As part of the festival, kids and youth were mobilized into rehearsals—and, eventually, a performance—for the opening ceremony. This mobilization was accomplished through schools and the Angolan Organization of Pioneers (OPA, the youth group of the ruling MPLA party). At the time, schools and the OPA were linked to each other, all part of the same socialist system. The community engagement of schools and parents—with everyone else watching live on TV—was the result of the nationalist spirit of the time, a last sprint by the socialist government before losing its breath and acceding to multiparty democracy and market capitalism.

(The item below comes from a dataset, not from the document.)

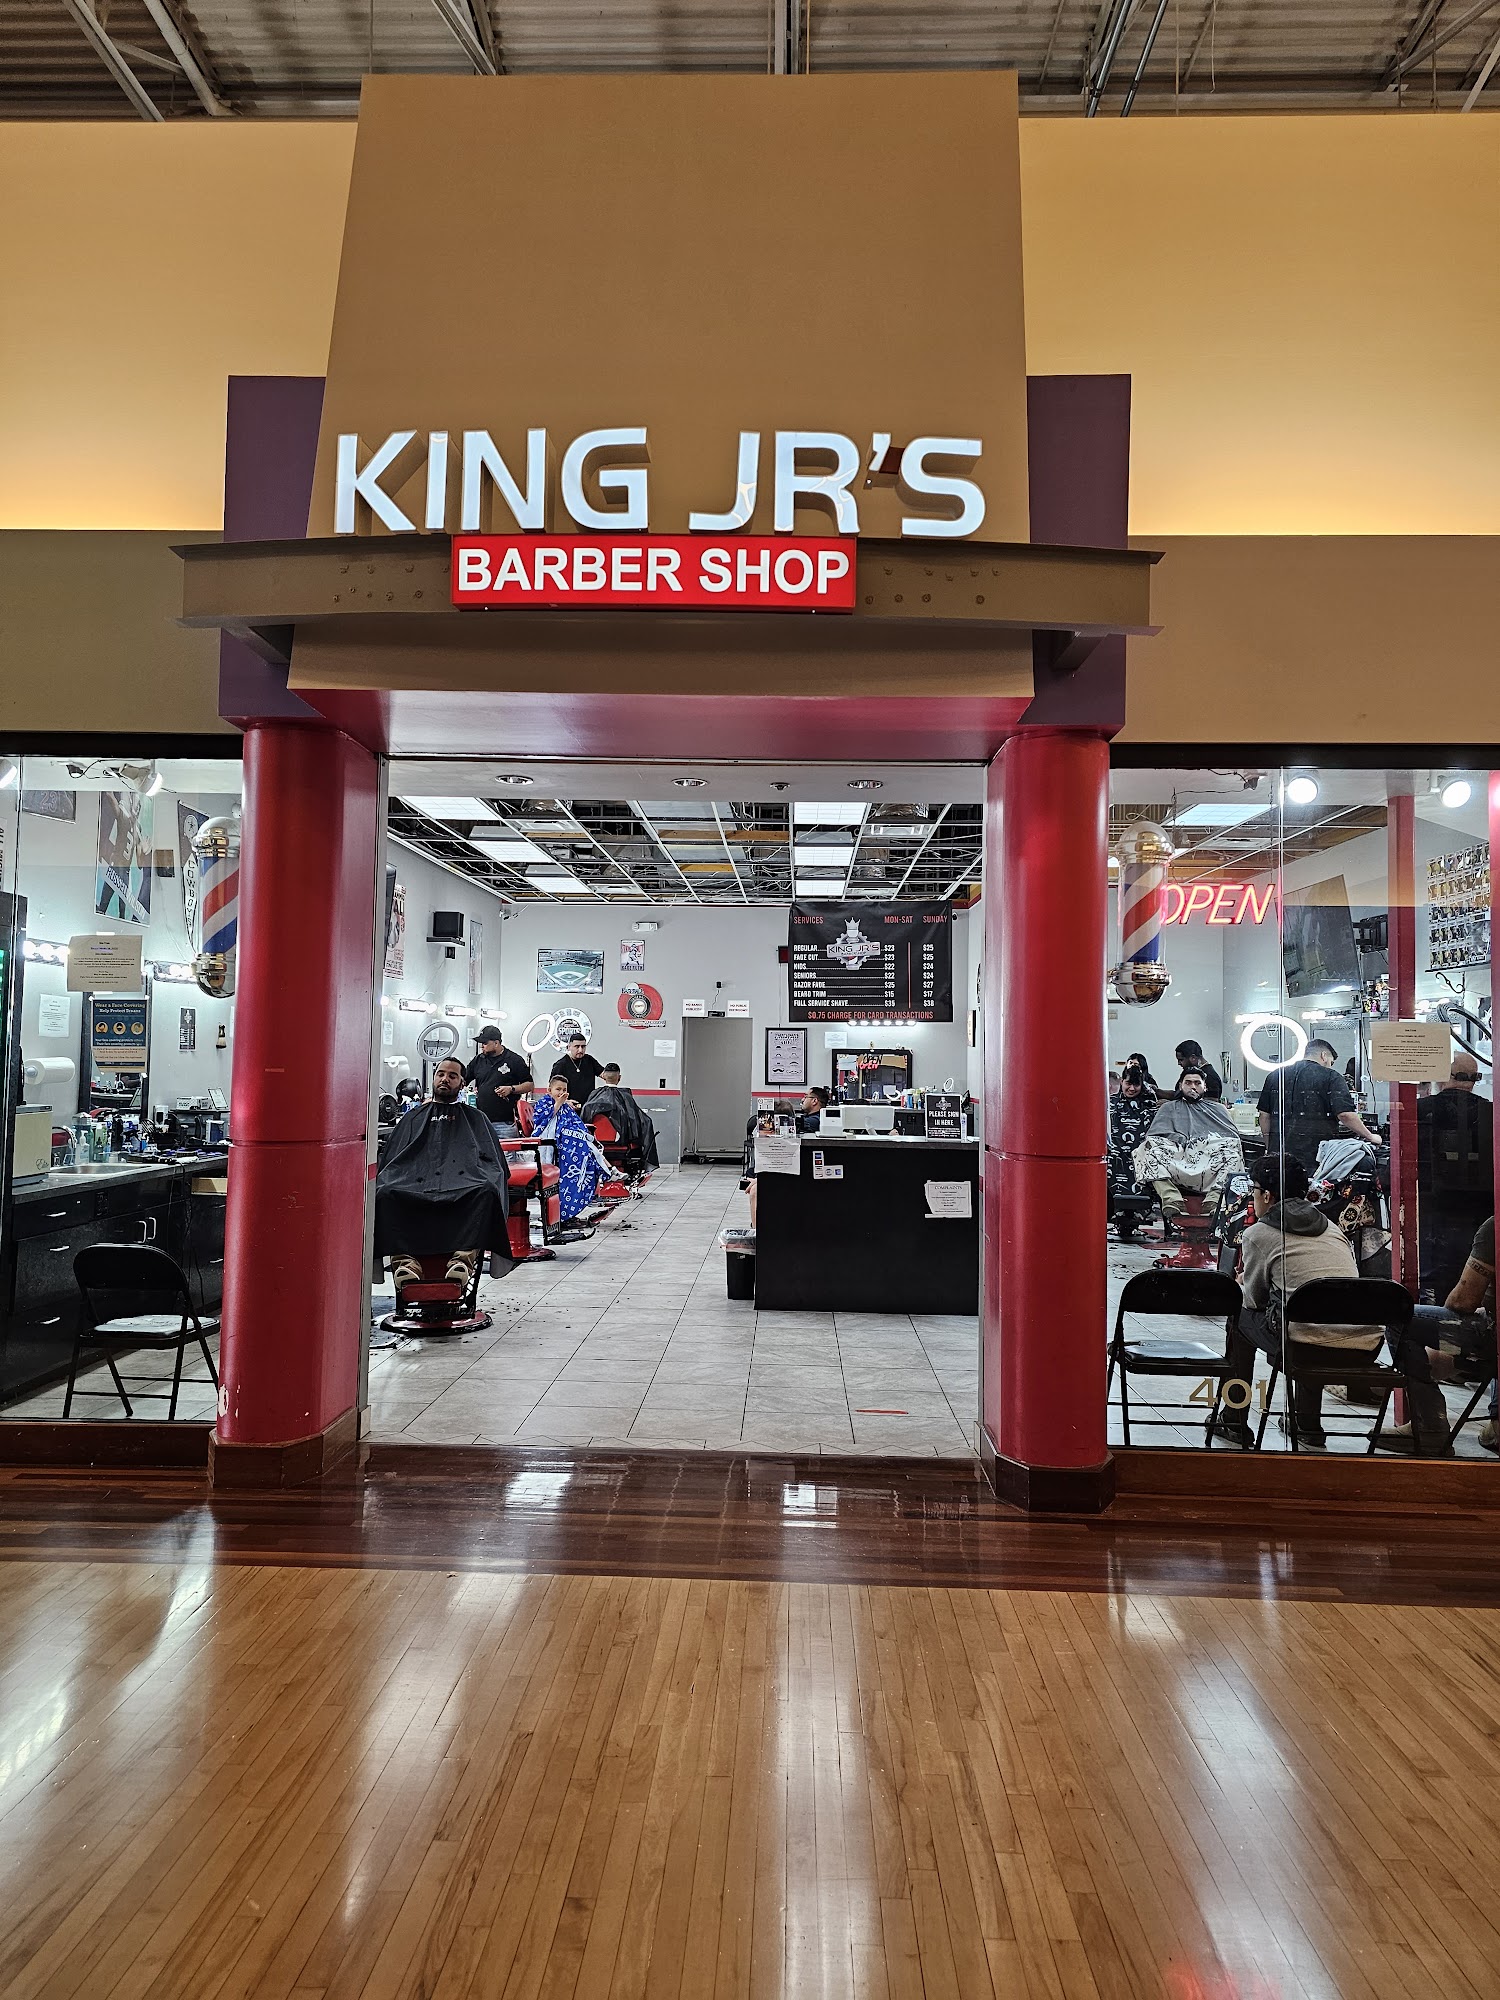 King Jr's Barber Shop

Twenty-five years later, in 2014, the government held a second edition of FENACULT. This time, the festival was an attempt to resuscitate the national feeling broken by 27 years of civil war and unequal development in an oil-rich economy. In the second edition, there were no longer kids, school groups, or parents. Instead, the opening ceremony featured 300 soldiers performing alongside professional dancers. The ostentatious use of oil funds in service of a certain definition of national culture replaced the funk and energy of the first edition. This time, FENACULT was composed of three main parts: a huge exhibition of Angolan visual art in an improvised tent created for the occasion at the Baía de Luanda, a train traveling through the country with musicians and artists, and cultural events in every province.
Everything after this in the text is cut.